My colleagues and I entered the closing of the event inspired. Dessert was served, and there was an edcamp style “slam” – a high-paced and entertaining sharing of quick ideas and specific tech tools that might be new to most of us. There were raffle prizes. There were rounds of applause for everyone involved in planning and organizing the event. But the accolades didn’t stop when we headed off to our weekend. My colleague, Josh Bloom, wrote the email below and sent it to the entire staff (included here with his permission):
To all of those who organized this event today I have to say publicly that you did an incredible job. This was the most professional professional development day I’ve seen…maybe ever. You deserve tremendous kudos, high fives, and hugs for the work you put in to make today engaging and worthwhile. As I consider deeply the tremendous care, effort, and sweat (physical and psychological) that must have gone into pulling something like this off – however perfect or imperfect anyone may have felt it to be – I can’t help but feel the love and passion that it represents for all of us and what we do.
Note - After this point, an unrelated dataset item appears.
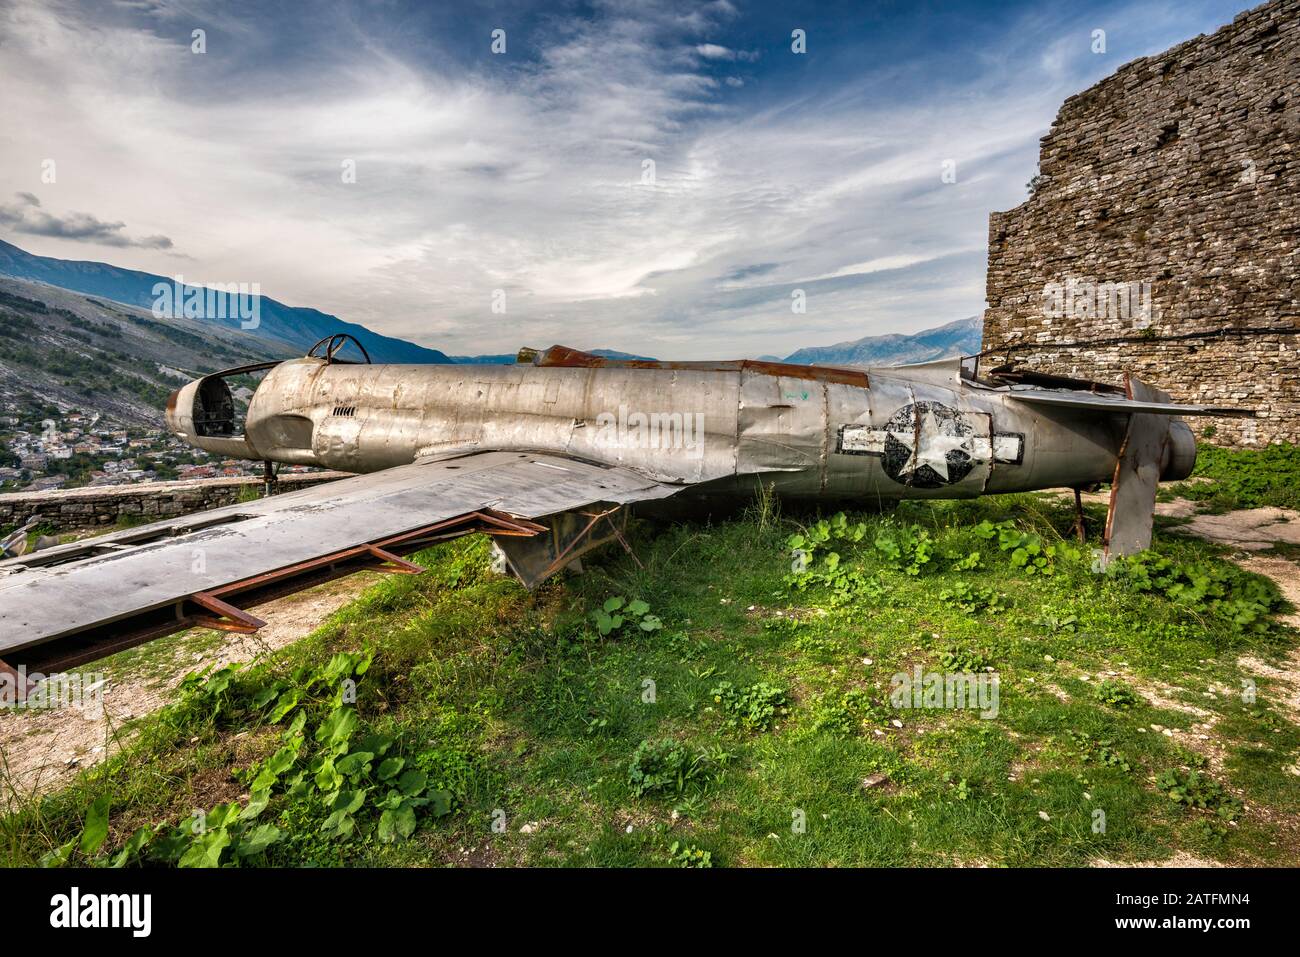 Remnants of Lockheed T-33A Shooting Star, US Air Force two-seat jet trainer, displayed at castle in Gjirokastra (Gjirokaster), Albania Stock Photo

Thank you.
Then, in a rare case of “reply all” being the right choice, seven more emails followed.
There are those who would suggest that we evaluate professional learning in terms of boosting test scores and improving teacher evaluations. I can’t say with confidence that this event will produce either of those results for my district. I also don’t think those are sufficient metrics for evaluating professional learning, especially in the near term. What would our schools and districts be like if, someday, Josh couldn’t express surprise at being treated so professionally? What would it mean for the stability of our teaching force and the recruitment of new teachers if we could hold up this type of experience as the norm?